The NCAA is essentially a corporate behemoth masquerading as a non-profit organization. It has a myriad of byzantine rules and regulations, many of which are seemingly backwards to the point of ridiculousness.
The story of former USC defensive lineman Stevie Tu’ikolovatu is a prime example. Tu’ikolovatu was recently selected by the Tampa Bay Buccaneers in the seventh round of the NFL Draft, and he started his collegiate career at Utah. But after he transferred to USC, Tu’ikolovatu decided to move to Los Angeles to begin working out immediately.
However, thanks to an NCAA rule, he couldn’t take advantage of student housing until he officially enrolled, and as a transfer student he couldn’t officially enroll early. So, instead, he took another route, as detailed by the Tampa Bay Times:
He wound up sleeping in his car. For two months. His idea. Eventually, his parents delivered his mom’s 2004 brown Chevy Suburban to Los Angeles. They didn’t know their son would use it as an apartment. That story only came out after Tu’ikolovatu began playing for USC. He won the school’s defensive player of the year award in 2016 and was named defensive MVP of the Rose Bowl after making eight tackles.
Back to the car …
“I wasn’t a hundred percent comfortable in there,” Tu’ikolovatu said. “Kind of squeezed. But I took the back chairs out and was able to fit in there a little better.”
It actually gets crazier from there, as Stevie’s wife joined him:
There was no “apart” in the Suburban. They piled blankets and pillows in the back of the SUV. They hung shower curtains inside to block the sun. They bought two small fans. They had an ice cooler and a garment bag for laundry. Home, sweet home.
The happy couple frequented the beaches and beach parking lots. Steve’s favorite was Manhattan Beach, because of the boardwalk and the grass hill he worked out on in the mornings. Kalo liked Imperial Beach. There were fire pits. They would shower at night at beach facilities. In the morning, Kalo dropped Steve off at USC and looked for work. Then came dinner.

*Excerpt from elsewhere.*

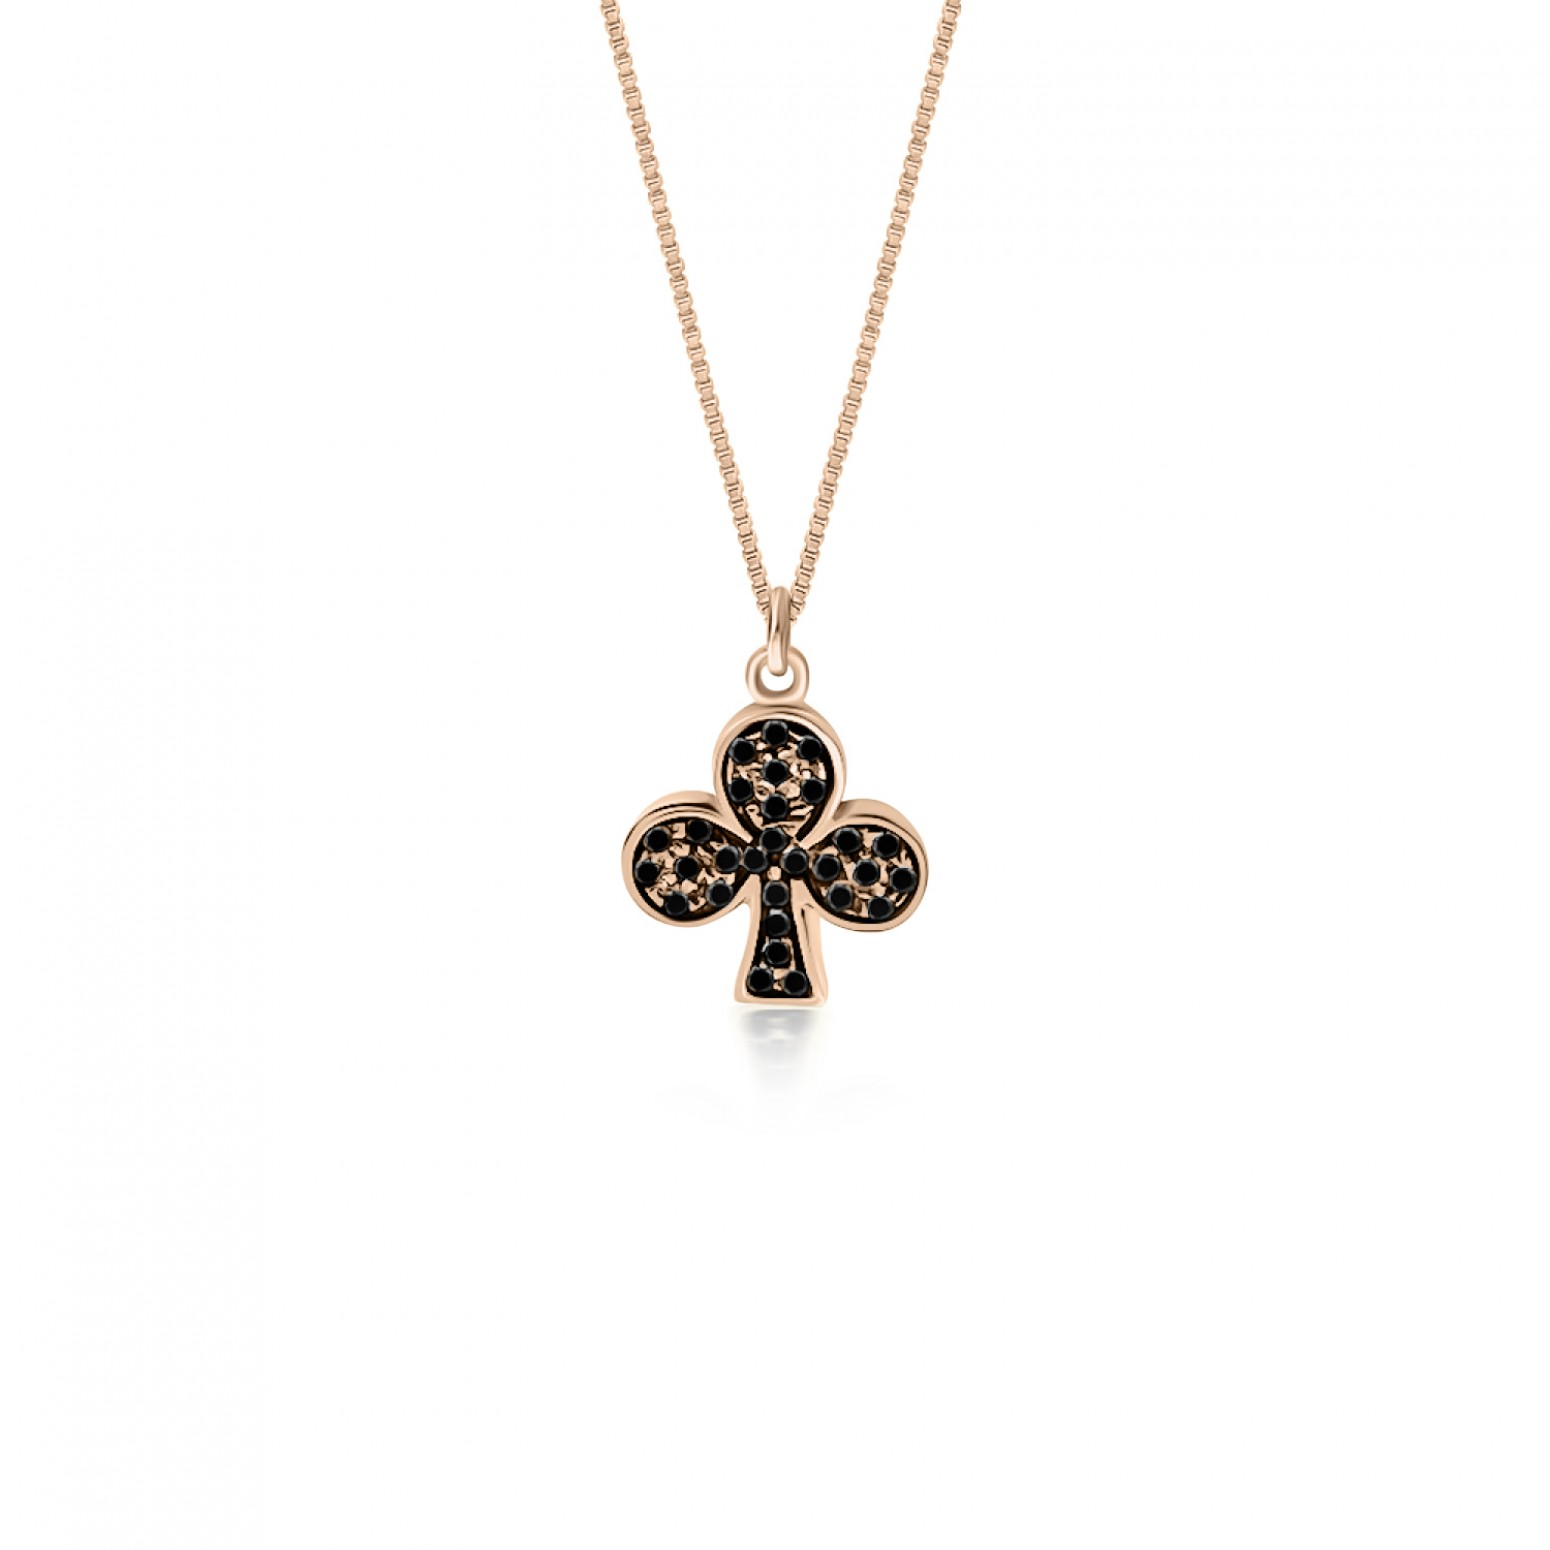 Clover necklace, Κ14 pink gold with black zircon, ko1864 NECKLACES Κοσμηματα - chrilia.gr
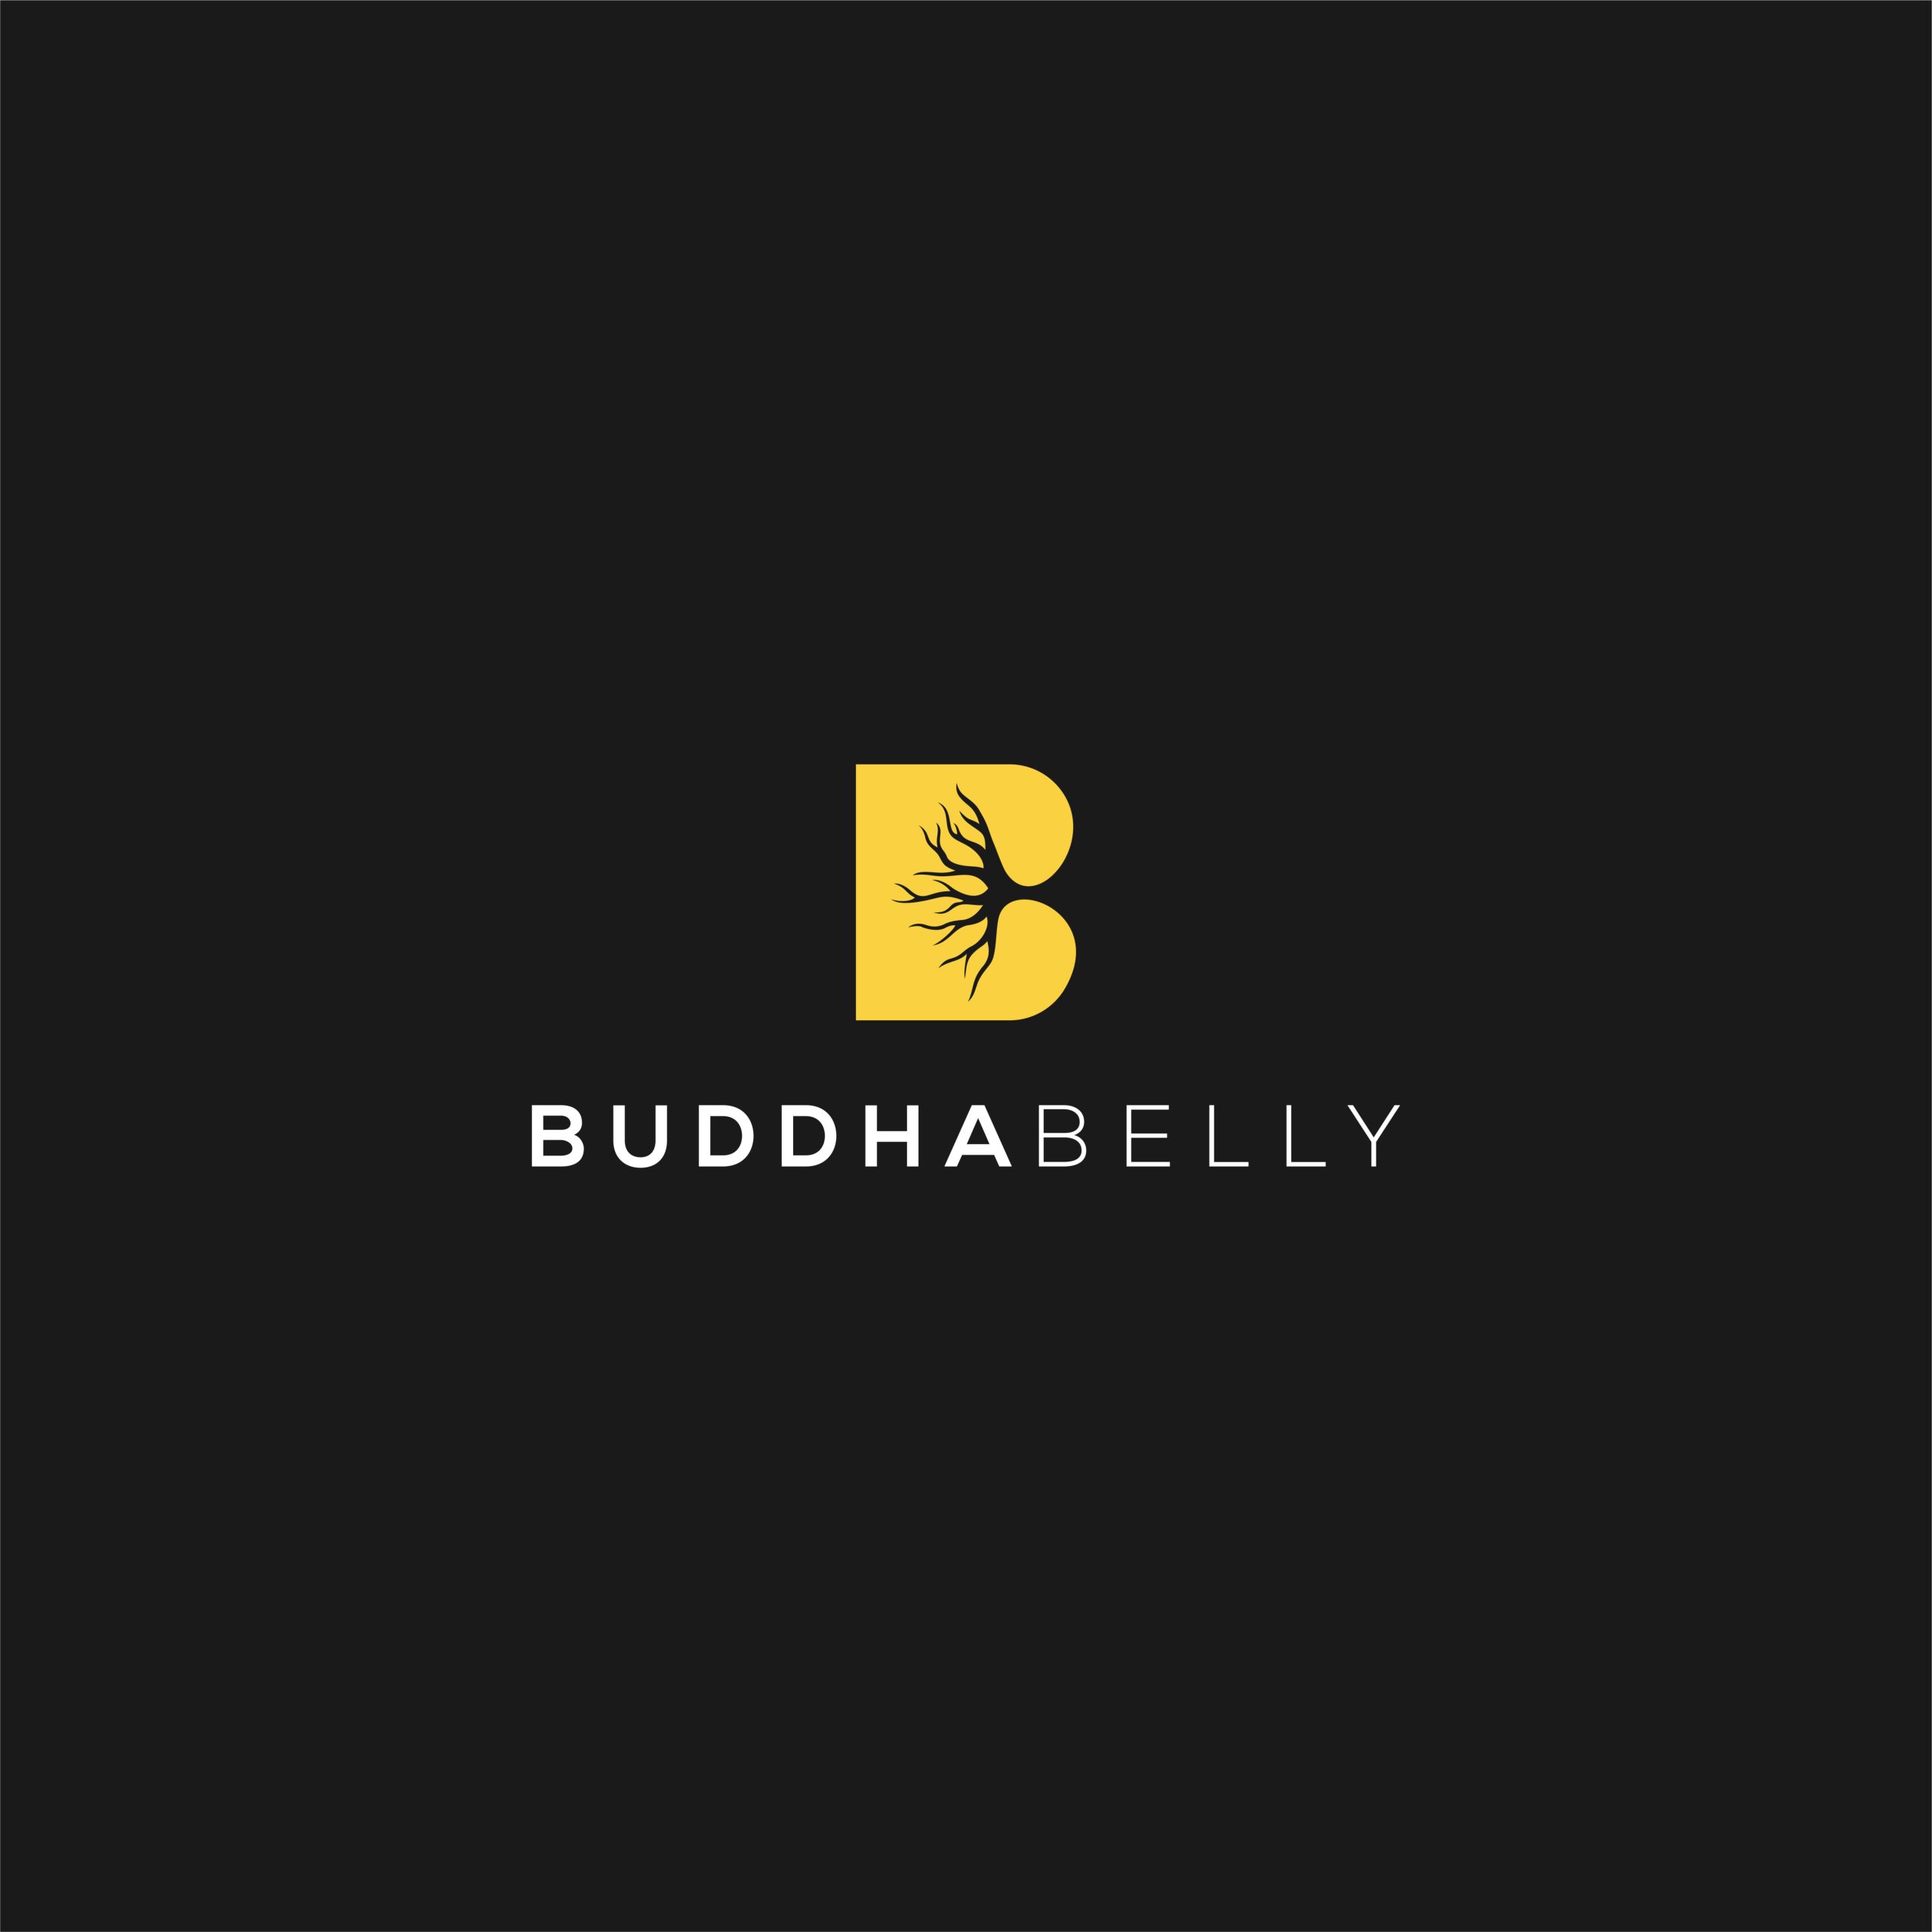 Buddha belly logo on a black background.

It’s important to note that this wasn’t exactly forced homelessness, in this case. The Tu’ikolovatu’s acknowledged there were people with whom they could have stayed, but this was their choice.
However, it stands to reason that there are athletes who don’t have that choice, and that the rule could force them into absurd situations like this. This sheds light on yet another example of how the NCAA seems to be designed to make life harder for college athletes, the people for whom the organization should be advocating, not subjugating.